▶ THE TASK: What you return must match the listing below character for character, minus any pictures.

▶ DATA SHOWN:
········
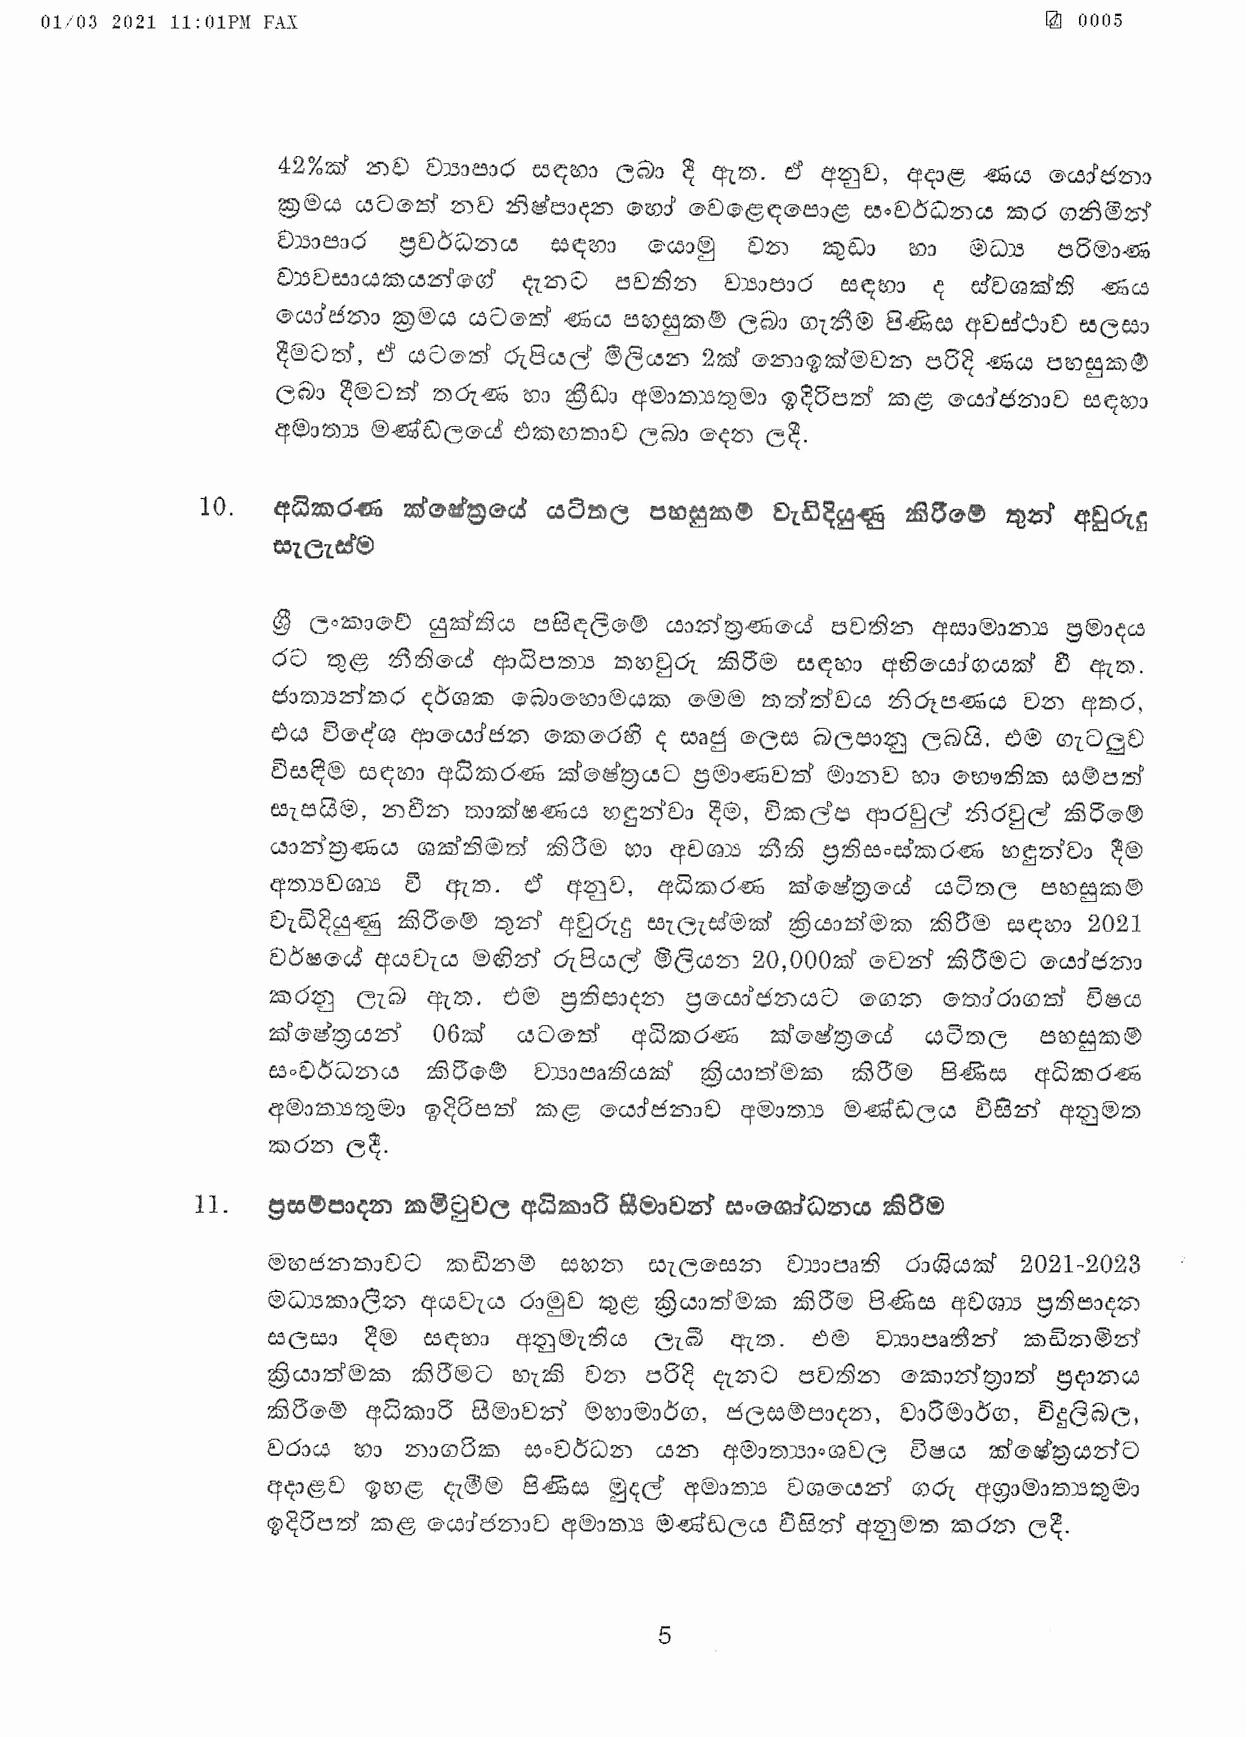 Cabinet Decision on 01.03.2021 page 005
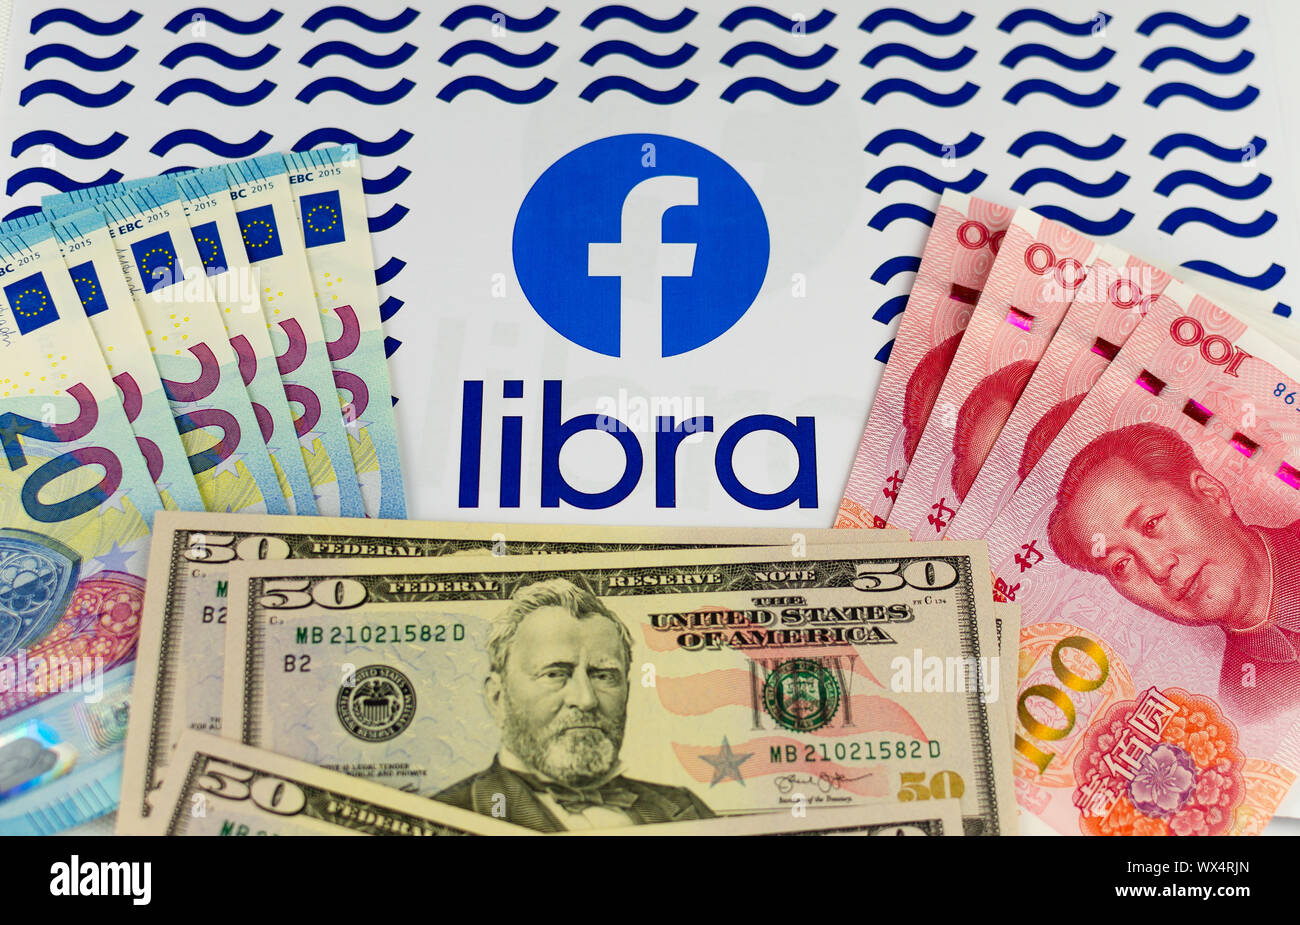 Facebook and Libra logos on the brochure surrounded by US Dollars, Euros and Chinese Renminbi banknotes. Conceptual photo. Stock Photo
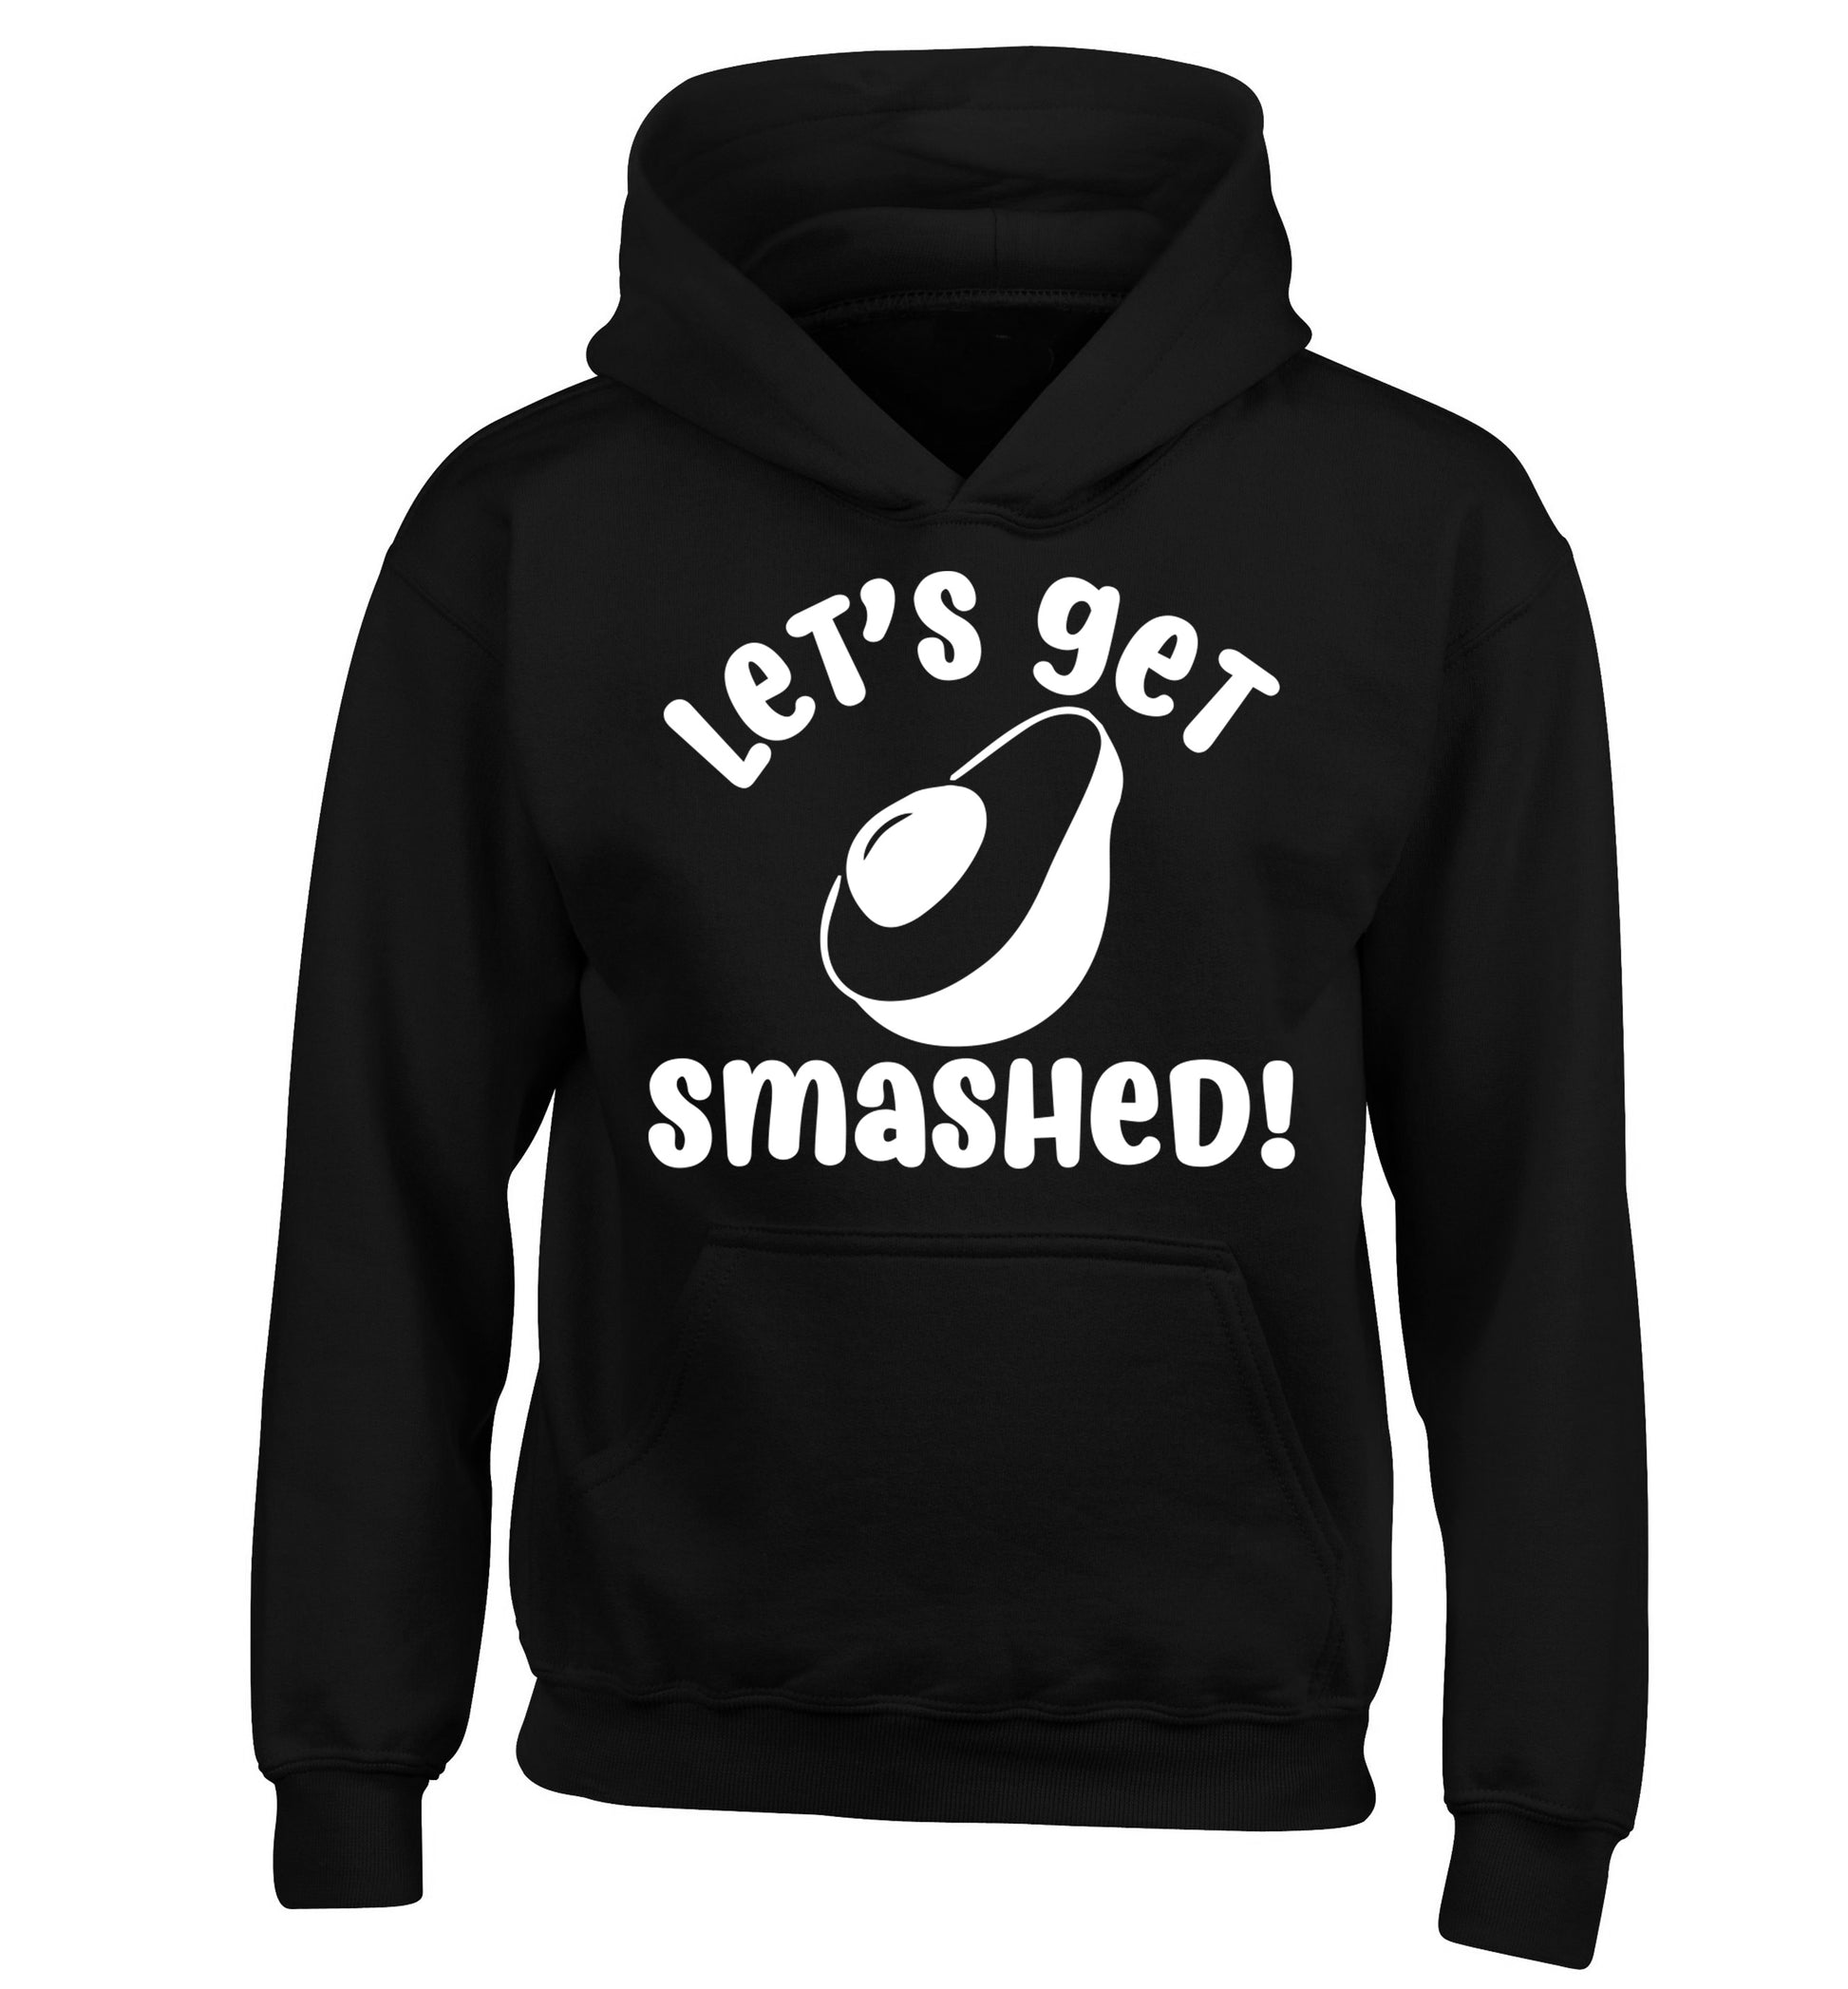 Let's get smashed children's black hoodie 12-14 Years
········
▶ SOLUTION:
 Cabinet Decision on 01.03.2021 page 005
 Facebook and Libra logos on the brochure surrounded by US Dollars, Euros and Chinese Renminbi banknotes. Conceptual photo. Stock Photo
 Let's get smashed children's black hoodie 12-14 Years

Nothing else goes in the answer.